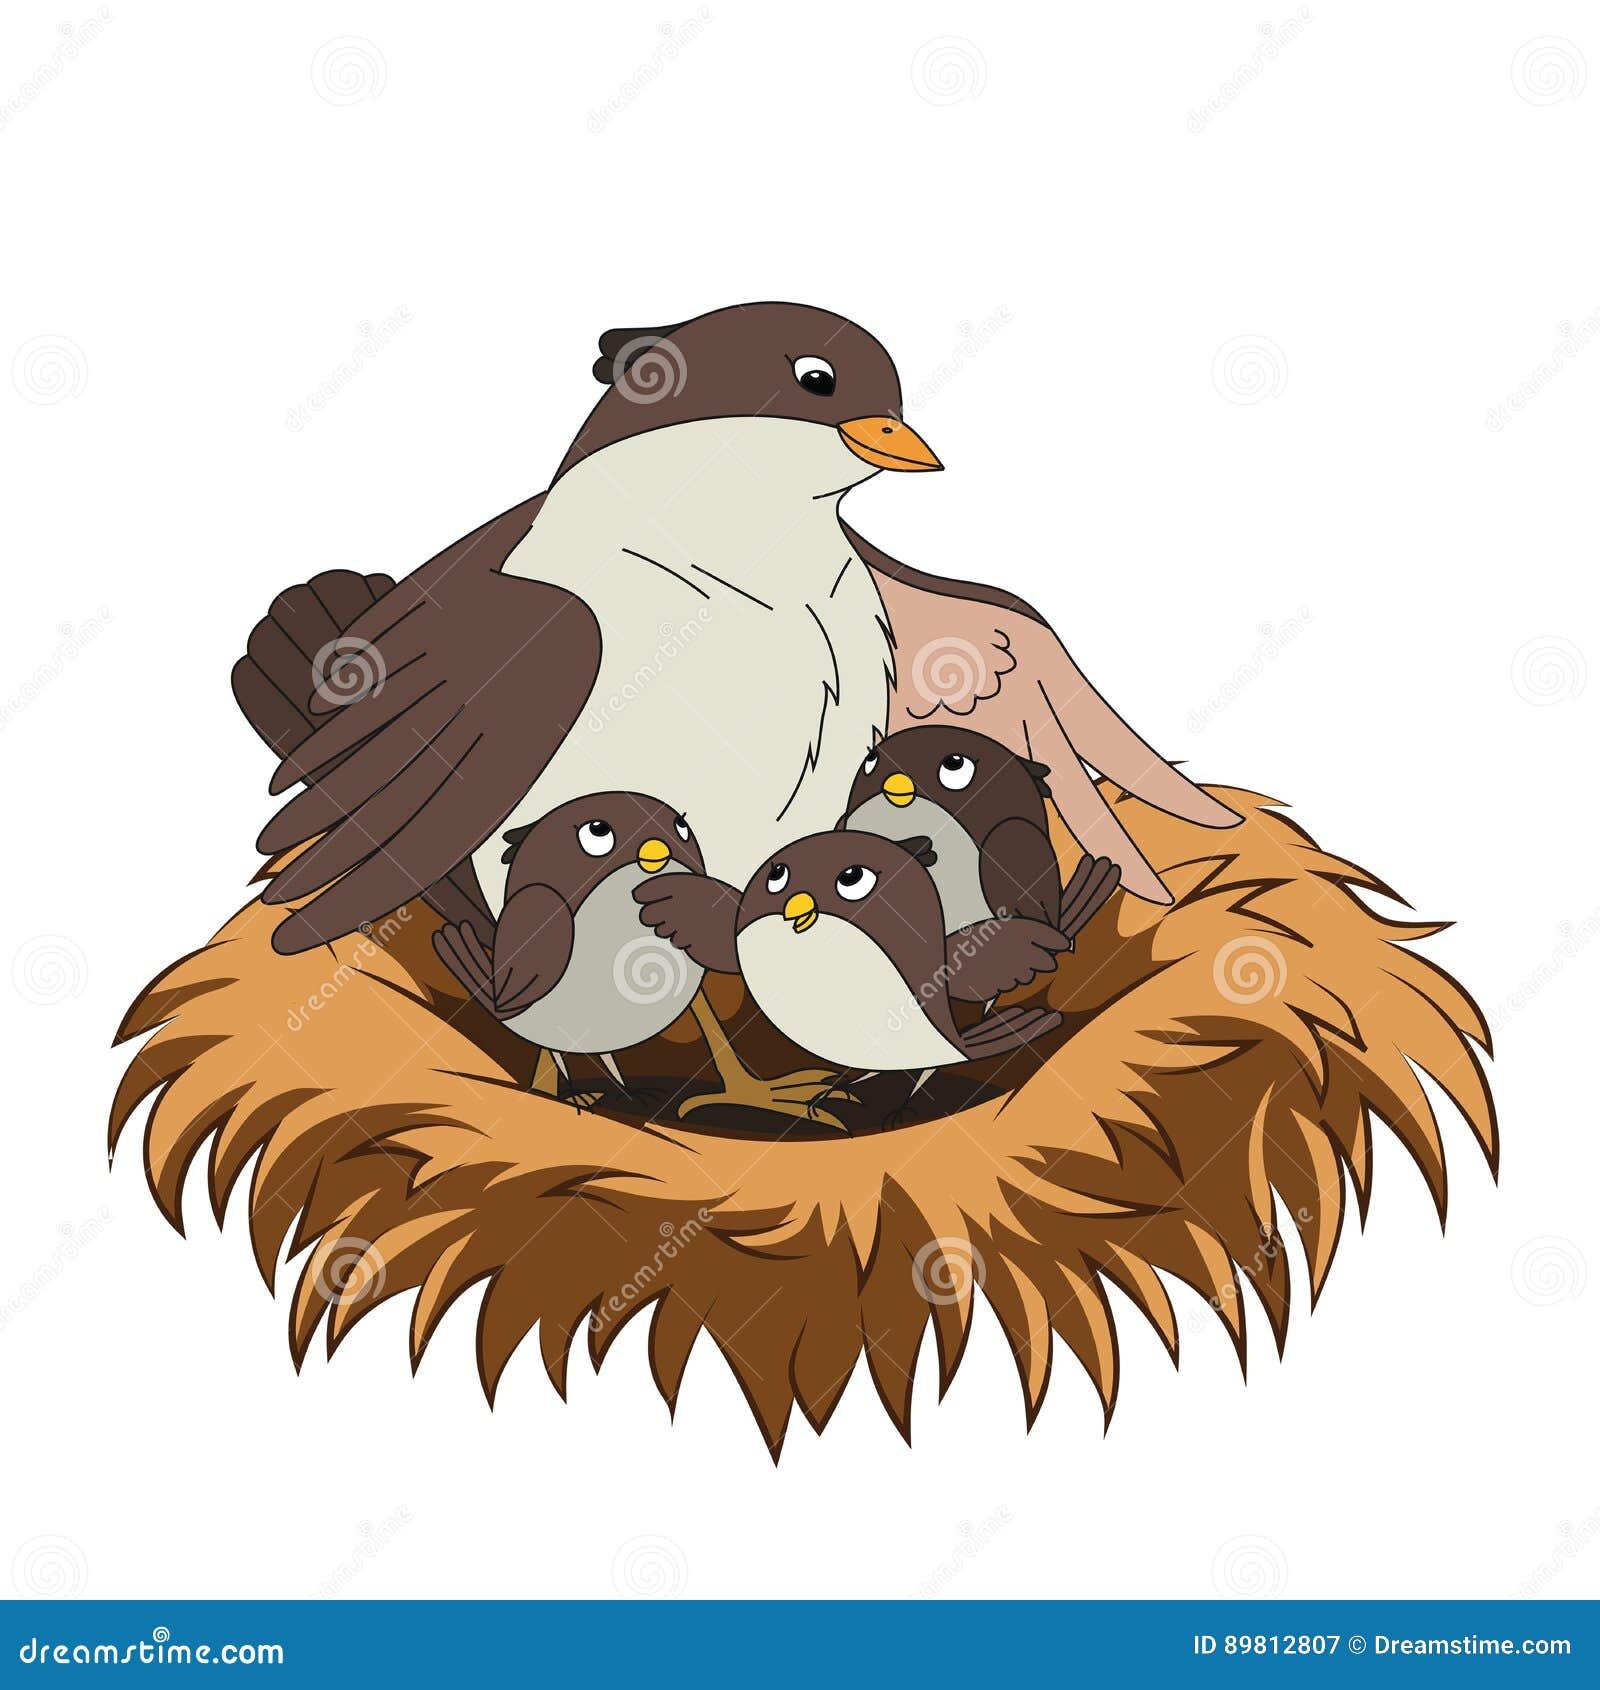 La familia de pájaros mima al pájaro con sus dos bebés en la jerarquía
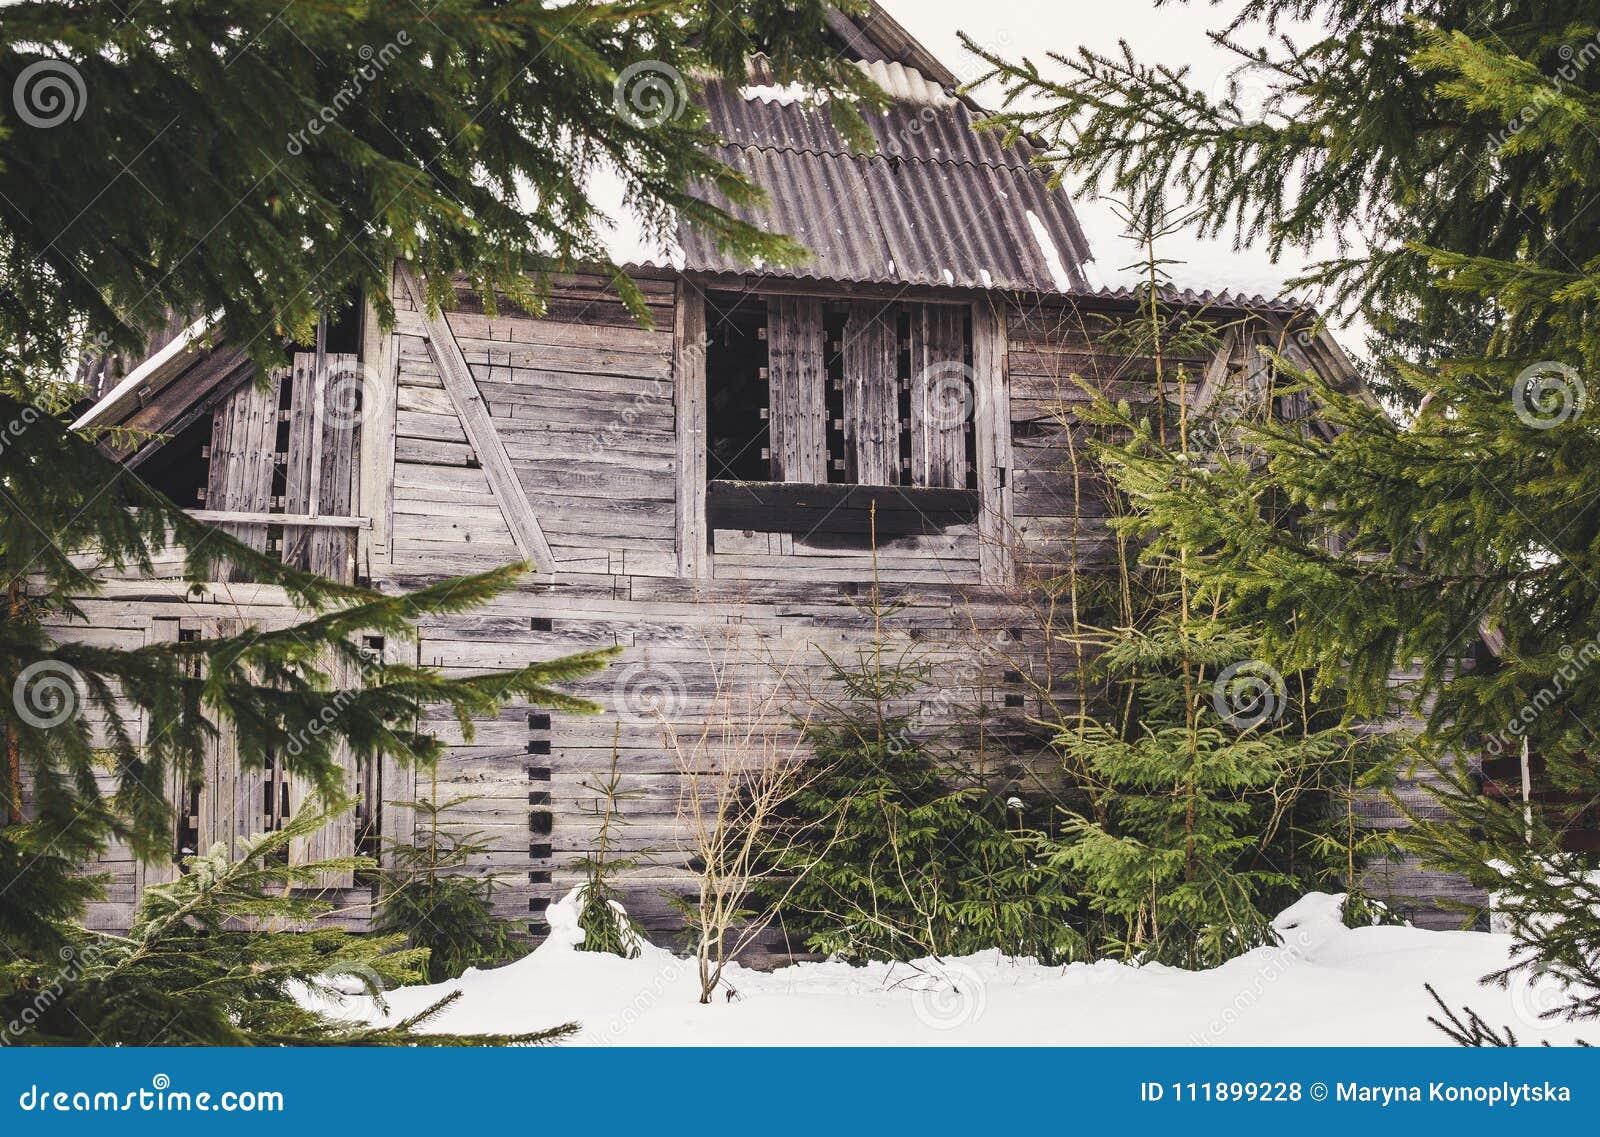 Vieille maison mystérieuse abandonnée dans la forêt
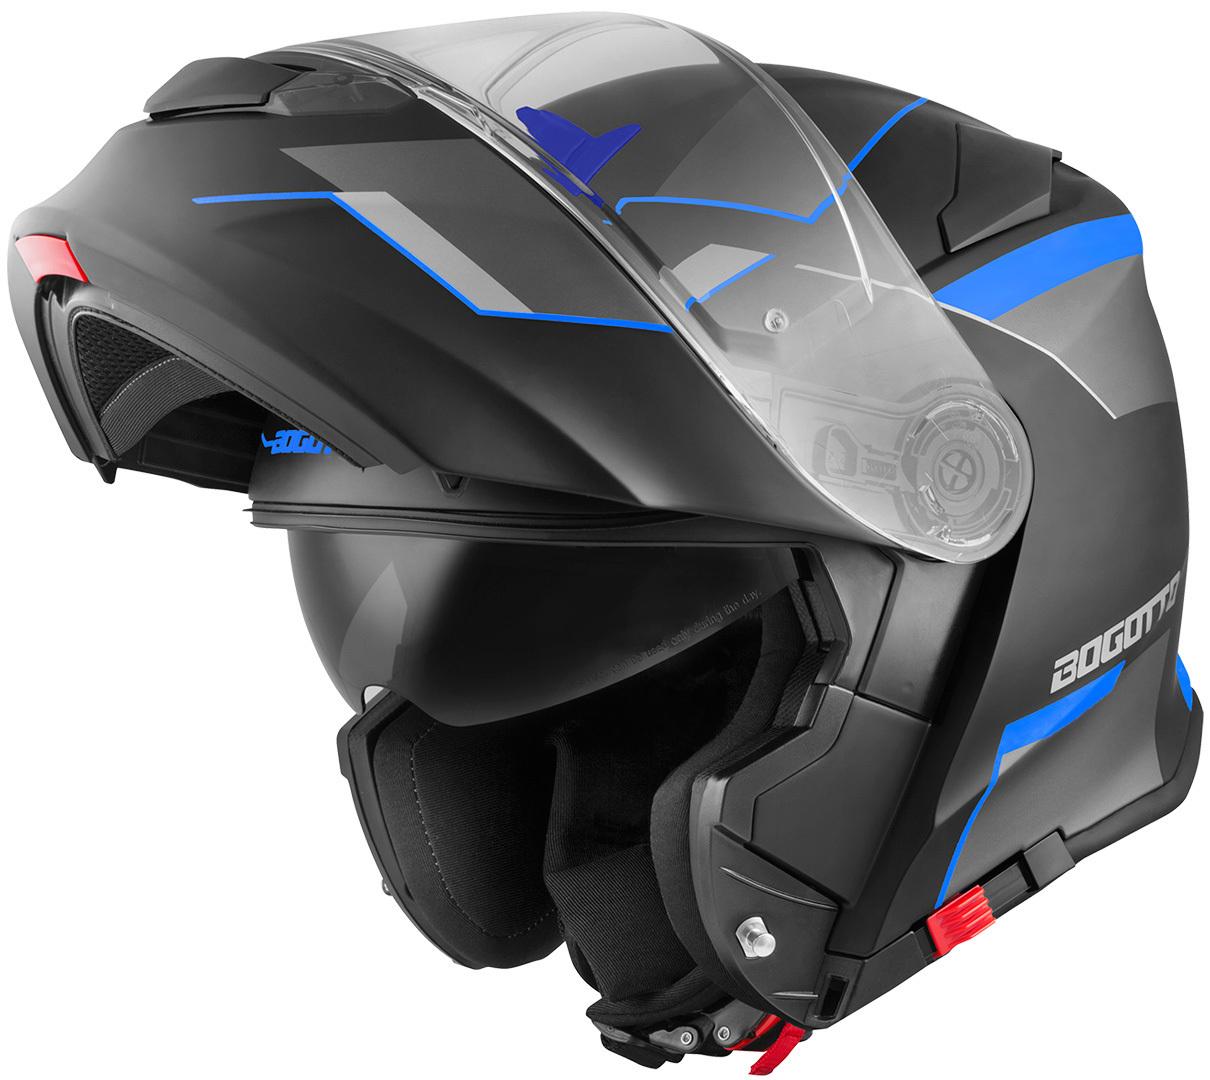 Bogotto V271 Delta Klapphelm, schwarz-blau, Größe 2XL, schwarz-blau, Größe 2XL
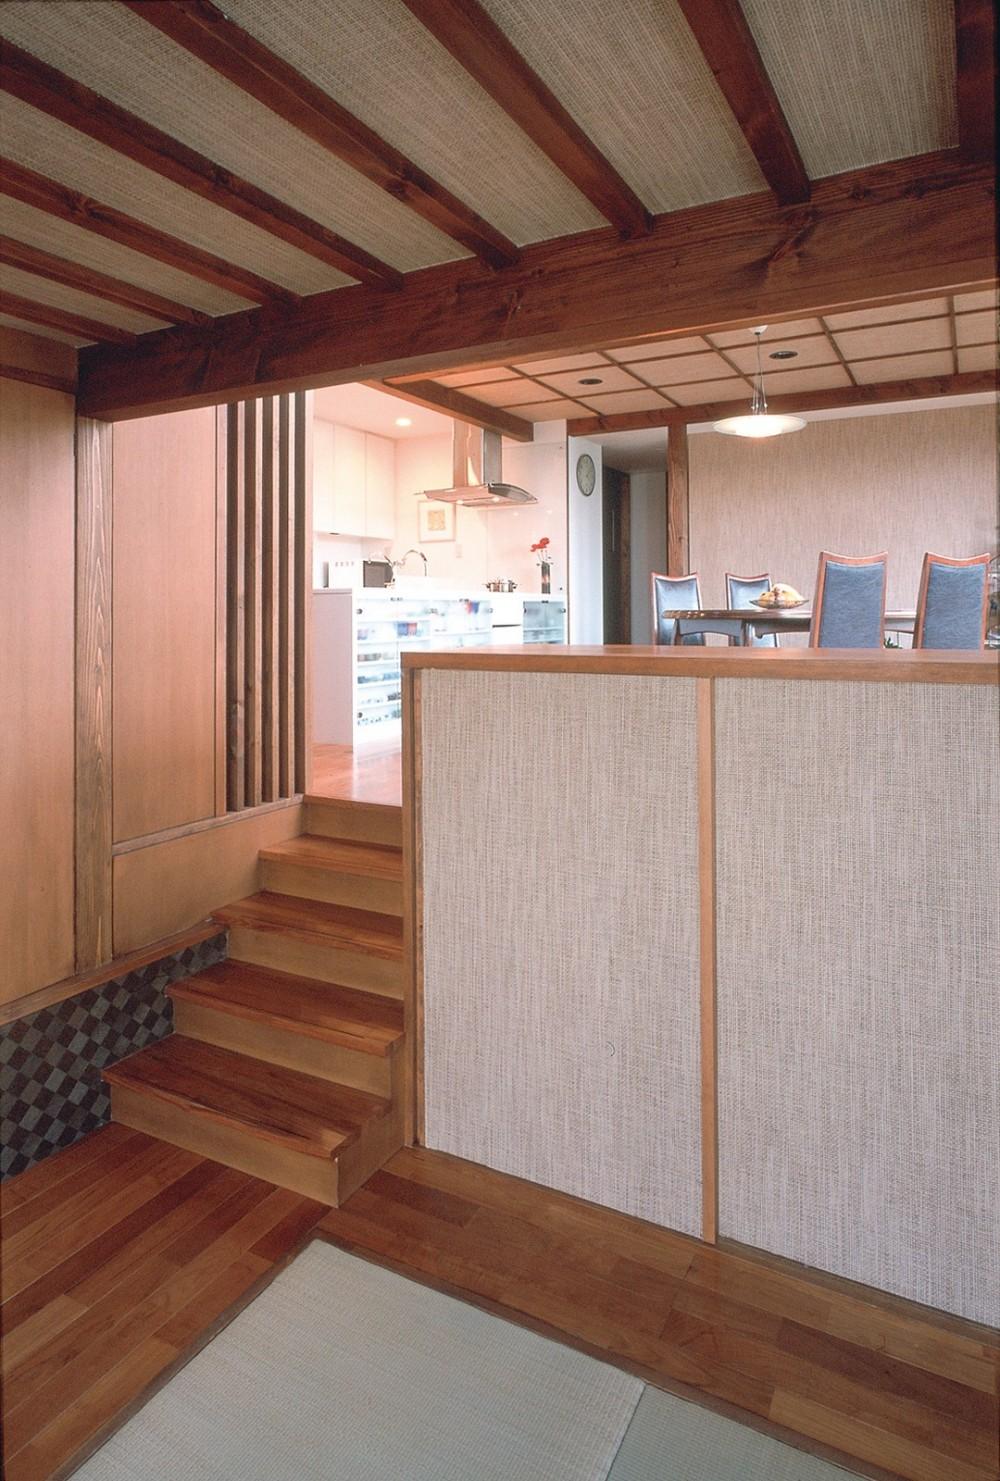 仕事場のある住まい|あなたの場所・自分の居場所を創る|大切な本の傍で至福の時を過ごす (おもてなしの間から食のスペースとキッチンを見通す)
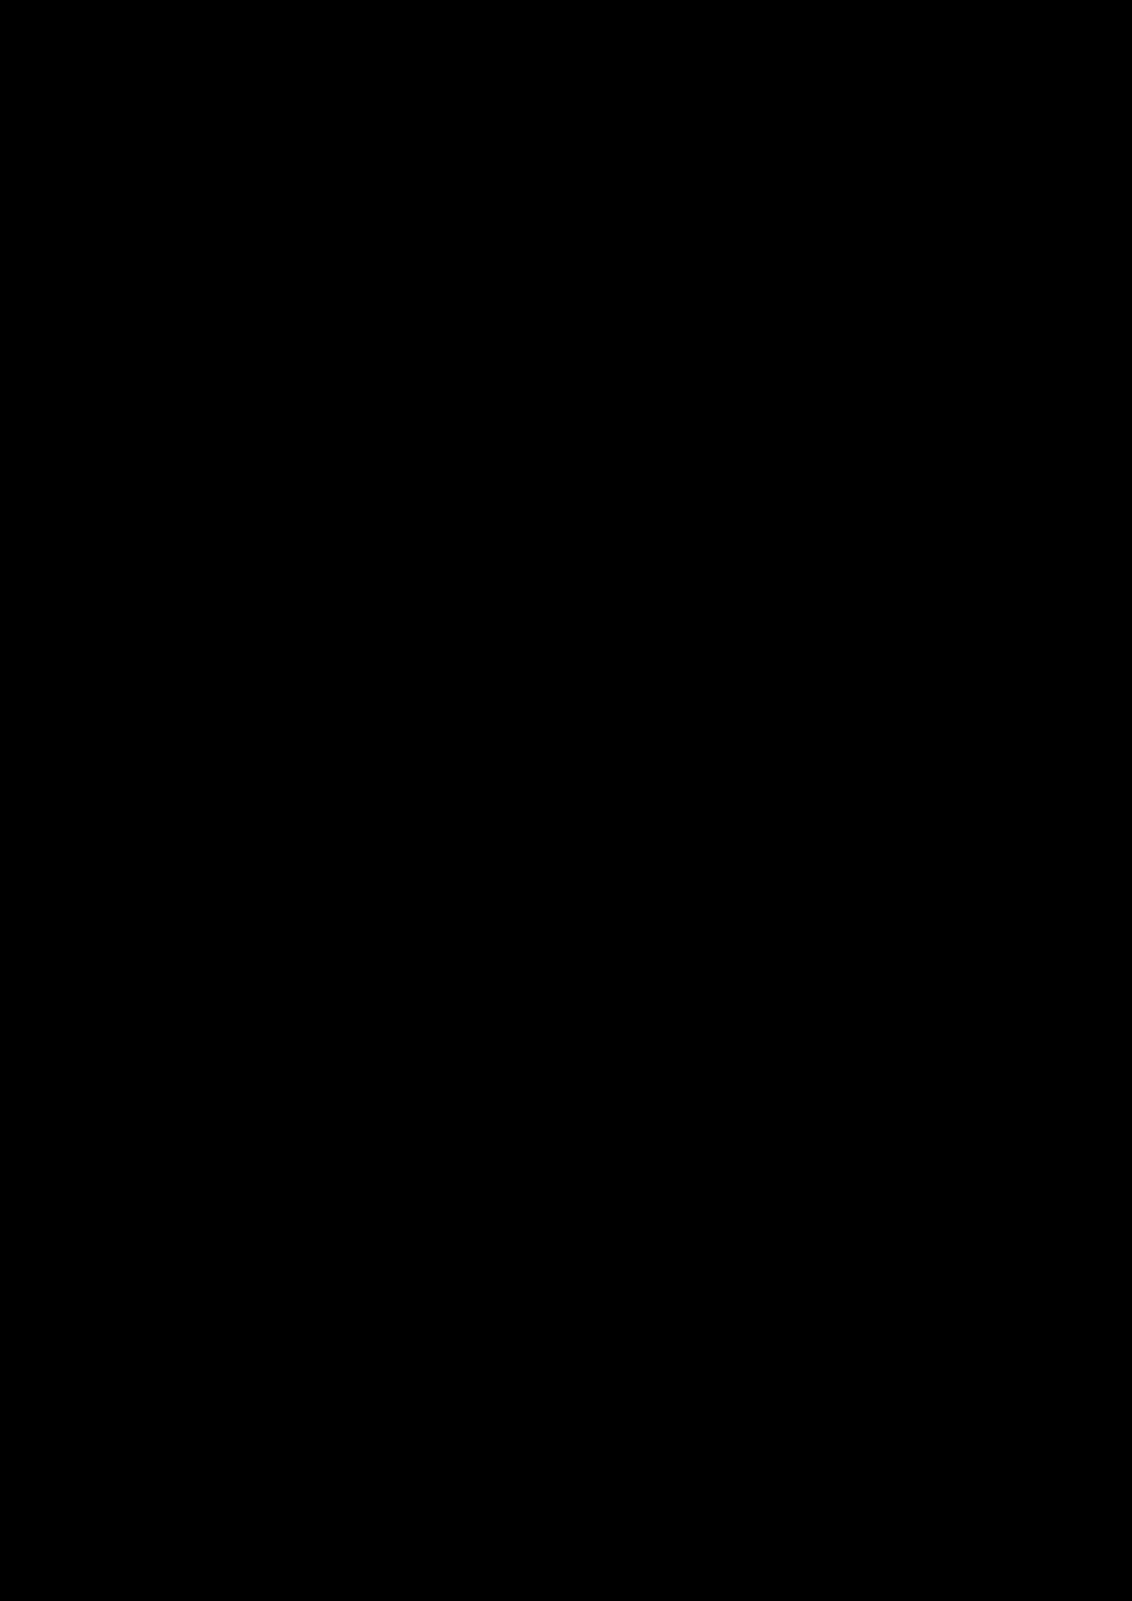 Proschanie s volshebnoy stranoy slide, Image 52

-=-=-

• [Exercise brief]:
Drop the pictures; repeat each entry above exactly.

• [Written solution]:
 La familia de pájaros mima al pájaro con sus dos bebés en la jerarquía
 Vieille maison mystérieuse abandonnée dans la forêt
 Bogotto V271 Delta Klapphelm, schwarz-blau, Größe 2XL, schwarz-blau, Größe 2XL
 仕事場のある住まい|あなたの場所・自分の居場所を創る|大切な本の傍で至福の時を過ごす (おもてなしの間から食のスペースとキッチンを見通す)
 Proschanie s volshebnoy stranoy slide, Image 52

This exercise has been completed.